Locating and dating prehistoric earthquakes with this technique requires careful site selection and accurate calibration of lichen growth rates, Bull said. Sites must be selected to minimize the influence of snow avalanches and debris flows. Conditions like shade and wind that promote faster lichen growth must be factored into the growth rate.

Using lichens to date earthquake-generated landslides has several advantages to the traditional approach, the geologists said. Many radiocarbon dates of the past 300 years are of little value. Research by the University of Arizona Laboratory of Tree Ring Research has shown that the amount of radiocarbon in the atmosphere, which is produced by cosmic rays in the upper atmosphere, has varied greatly during the past three centuries.

Also, most radiocarbon dating of earthquakes requires accumulation of materials in depressions created next to fault scarps, but earthquake-generated landslides can occur hundreds of kilometers away from an earthquake epicenter. By measuring lichens in mountains that are sensitive to seismic shaking, geologists can study distant earthquakes. These include great subduction zone earthquakes beneath the sea, such as in the Pacific Northwest, and earthquakes caused by 'blind' thrust faults that never reach the surface to create a fault scarp." The Northridge, California, earthquake of January 1994 is an example of an earthquake on a blind thrust fault.

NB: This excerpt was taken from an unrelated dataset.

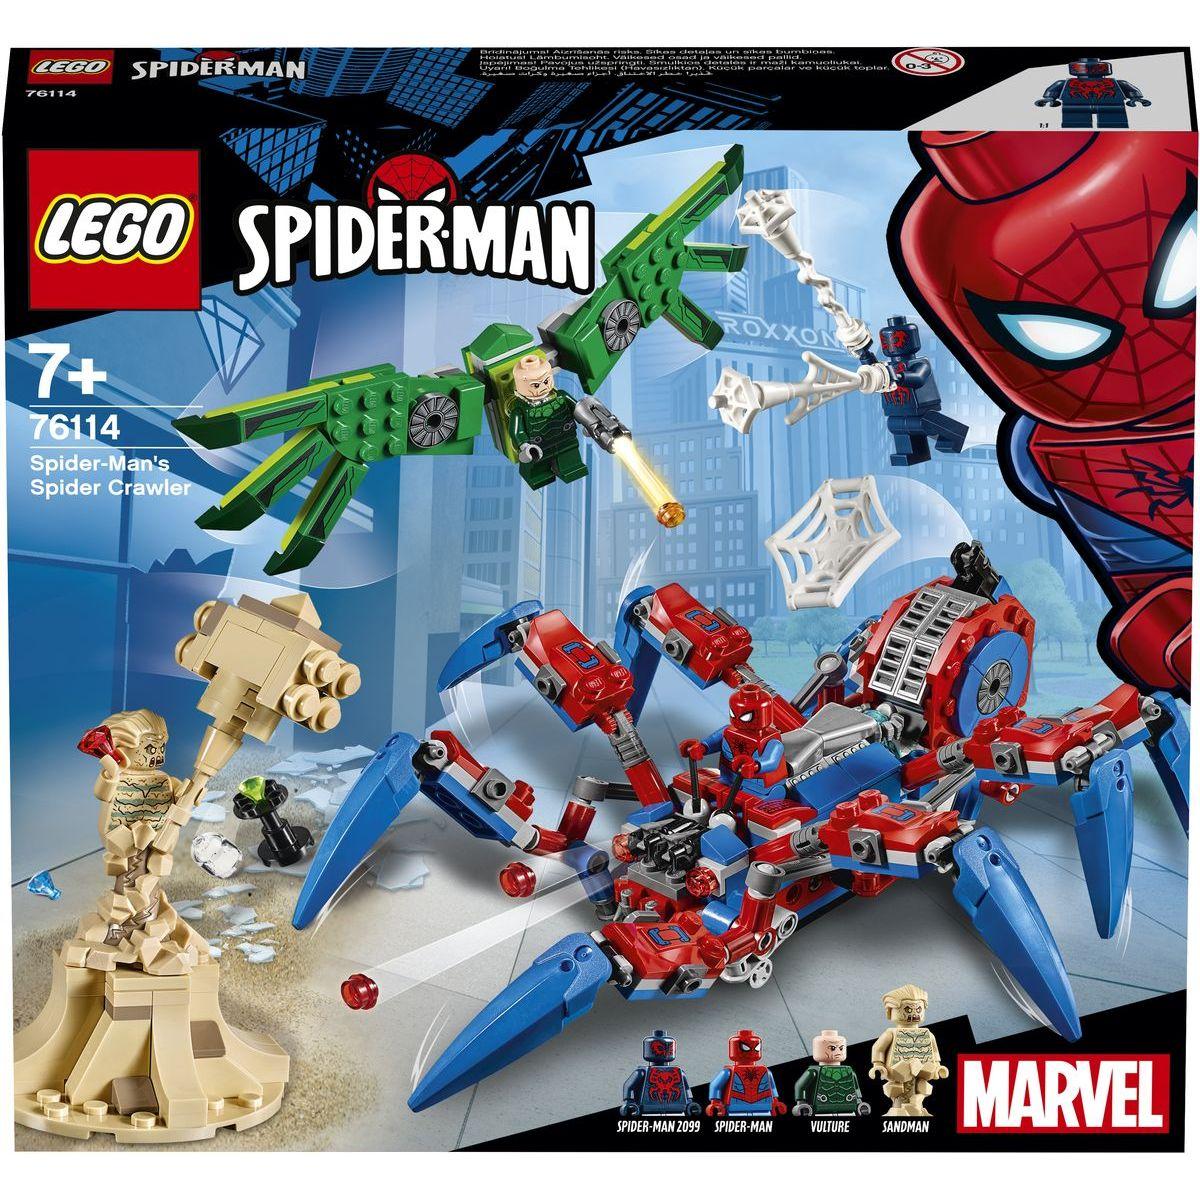 LEGO Super Heroes 76114 Spiderman pavoukolez LEGO

Bull and Brandon actually map the nature of seismic shaking associated with either historic or prehistoric earthquakes according to the decreasing abundance of rockfalls away from an earthquake epicenter. Brandon notes that lichenometry ages are precise to about 10 to 20 years for earthquakes that have occurred within the past thousand years, whereas radiocarbon dates are precise to about 40 years.

Application of the Bull-Brandon method has already changed the outlook for earthquakes on two major fault zones. Bull's work on regional rockfall events generated by the San Andreas fault northeast of Los Angeles identified a 1690 earthquake. Geologists using conventional radiocarbon dating technique missed the 1690 earthquake at the classic Pallett Creek site because no deposits of wood or other organic matter had accumulated in layers of earth above or below the disturbed horizon.

The lichen study bolsters other seismologists who argue that earthquakes along the San Andreas fault have occurred more regularly than previously thought and that the next "big one" may come sooner than supposed.

Prehistoric earthquakes on the Alpine fault in New Zealand appear to have occurred about every 260 years, with the most recent major earthquake about 248 years ago. The lichen dates agree with radiocarbon dates and other scientific evidence such as forest disturbance events. Bull and New Zealand colleagues say this regular occurrence of earthquakes cannot be used as a forecast, but it does suggest a high probability for a major earthquake in the South Island of New Zealand in the next two decades.